The purpose of this study is to investigate whether the combination of cyclophosphamide and abatacept versus the treatment used in standard of care will reduce the incidence of moderate and severe chronic graft-versus-host disease (GVHD) following hematopoietic stem cell transplantation. GVHD occurs when the cells from your donor (the graft) see your body's cells (the host) as different and attack them.
A Randomized Phase II Trial Comparing a Calcineurin Inhibitor-free Graft-versus-host Disease Prophylaxis Regimen With Post-transplantation Cyclophosphamide and Abatacept to Standard of Care
The experimental GVHD prophylaxis arm consists of cyclophosphamide and abatacept. Cyclophosphamide induces apoptosis of activated T cells and abatacept (CTLA4Ig) blocks activation of T cells by inhibiting the co-stimulatory signal.
Compared to the standard-of-care control arm, the experimental arm is much more convenient and expected to be associated with fewer toxicities.
In addition there is a great theoretical potential for immunological synergy between cyclophosphamide and abatacept for inducing post-transplant immunologic tolerance that clinically might translate into less GVHD without increase in relapse Patients will be randomized 1:1 to the experimental vs the standard of care arm. Randomization will be done prior to the use of any conditional therapy.

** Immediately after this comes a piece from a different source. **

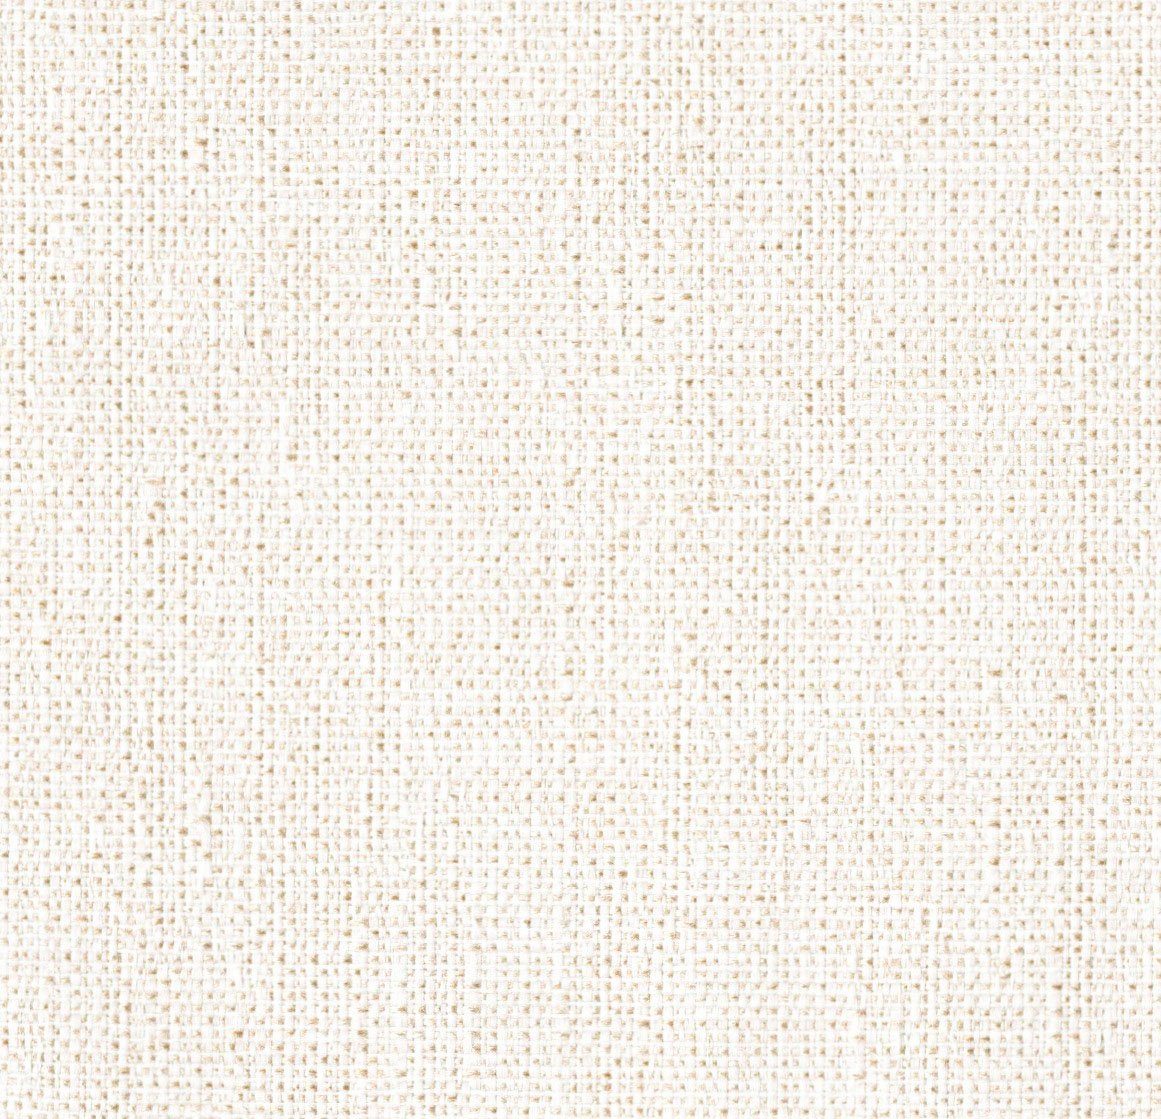 Vorhang Torbole, Wirth, Multifunktionsband (1 blickdicht, Jacquard St), beige

The two arms will be stratified by disease (acute leukemia vs others) and donor type (MRD vs MUD/MUD vs Haplo) in an effort to keep them balanced.
The conditioning regimen for both arms will be mainly Busulfan/Fludarabine (A Total Body Irradiation based conditioning regimen will be allowed for diseases such as ALL)
The GVHD prophylaxis regimen on the experimental arm will consist of high dose Cyclophosphamide on Days +3 and +4 followed by abatacept for 6 months.
The GVHD prophylaxis regimen on the standard of care arm will consist of methotrexate on Days +1,+3, +6 and +11 and tacrolimus for patients with a 10/10 matched related or unrelated donor and of high dose cyclophosphamide on Days +3 and +4 followed by tacrolimus and mycophenolate for patients with a haploidentical donor.